Medtronic has received CE mark for the Evolut FX+ transcatheter aortic valve implantation (TAVI) system for the treatment of symptomatic severe aortic stenosis. This follows the recent US Food and Drug Administration (FDA) approval of the system in March 2024.
The latest Evolut FX+ TAVI system offers three larger coronary access windows through a modified diamond-shaped frame design, which are four times larger than regular cells of the Evolut TAVI system.
Evolut FX+ provides increased space for catheter maneuverability to facilitate access to coronary arteries of varying patient anatomies. The design builds on the leading valve performance, excellent durability, and excellent outcomes that clinicians expect from the Evolut platform.
“We are excited to complete this momentous milestone and expand our solutions for severe aortic stenosis across Europe,” said Jorie Soskin, vice president and general manager, Structural Heart within the Structural Heart & Aortic business, which is part of the Cardiovascular Portfolio at Medtronic. “Through our promise of continued innovation for the Evolut TAVI platform, we have delivered a more advanced and minimally invasive treatment option with proven valve performance and durability to physicians and patients across the globe.”
“The Medtronic Evolut FX+ system represents a significant step forward in the evolution of heart valve disease care,” said Didier Tchetche, interventional cardiologist and director of the Structural Heart Disease Department at Clinique Pasteur in Toulouse, France. “This advanced technology enables coronary access across multiple patient anatomies and offers clinicians a contemporary tool to improve outcomes without compromising an established valve performance. We are excited to see this innovative solution approved in European regions and look forward to using it for the benefit of patients.”

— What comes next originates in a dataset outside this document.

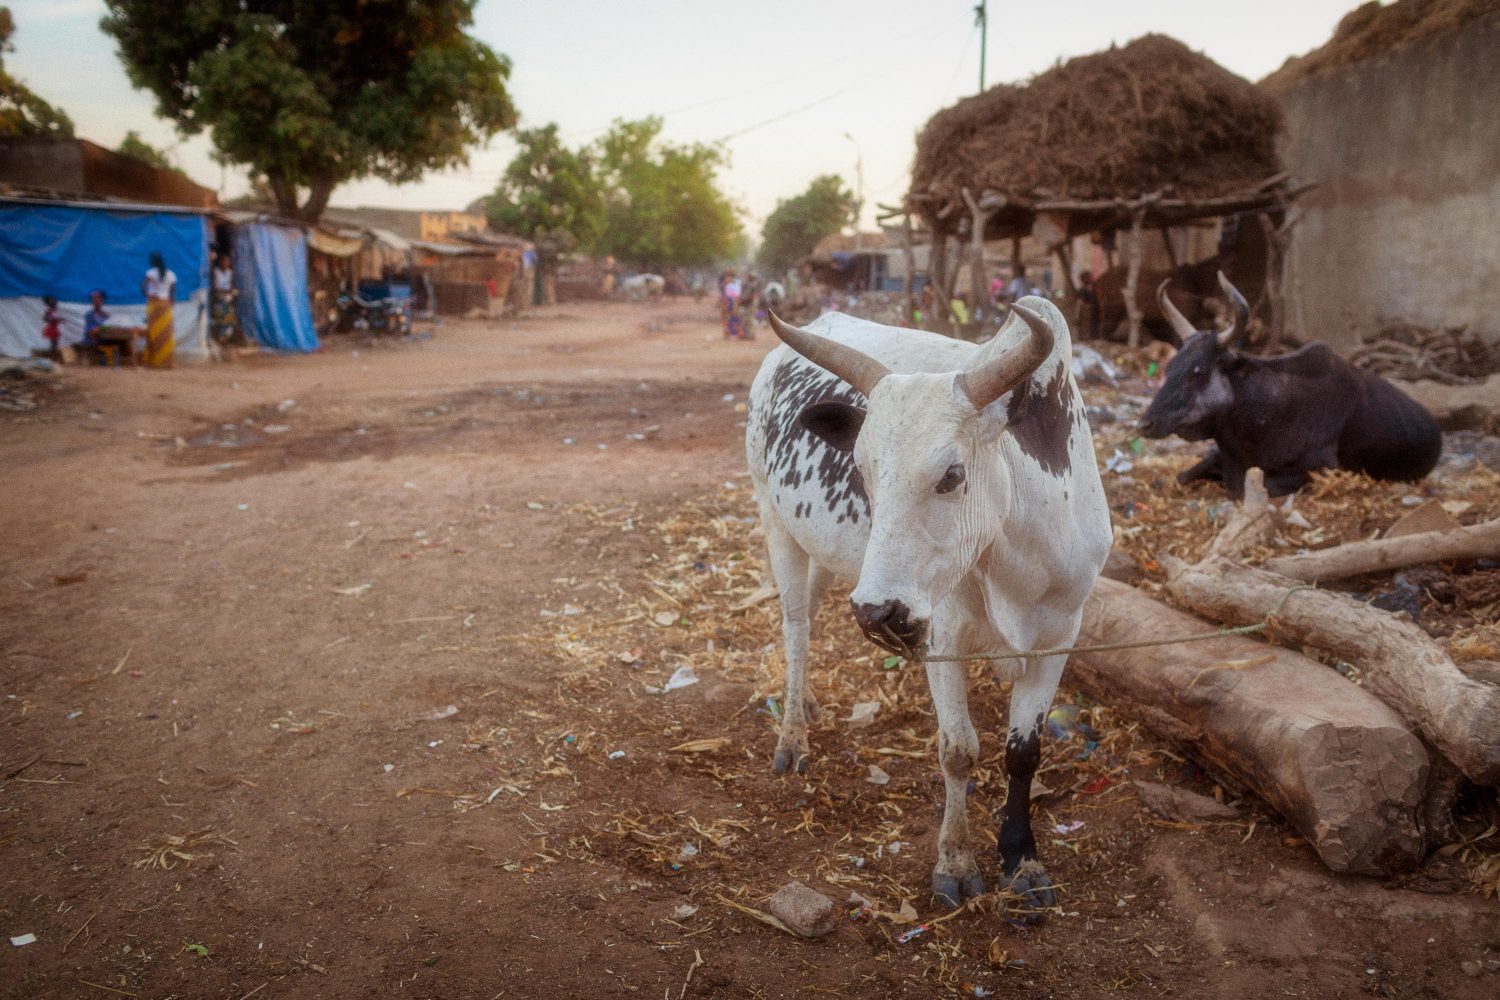 Kuh auf der Straße in Mali Afrika

The Evolut FX+ TAVI system is indicated for symptomatic severe aortic stenosis adult patients across all risk categories (extreme, high, intermediate, and low) in the European Union and is also indicated for symptomatic severe aortic stenosis patients across all risk categories in the USA. The Evolut FX+ system is expected to be commercially available across Europe in the coming weeks as teams and physicians are trained on this new technology.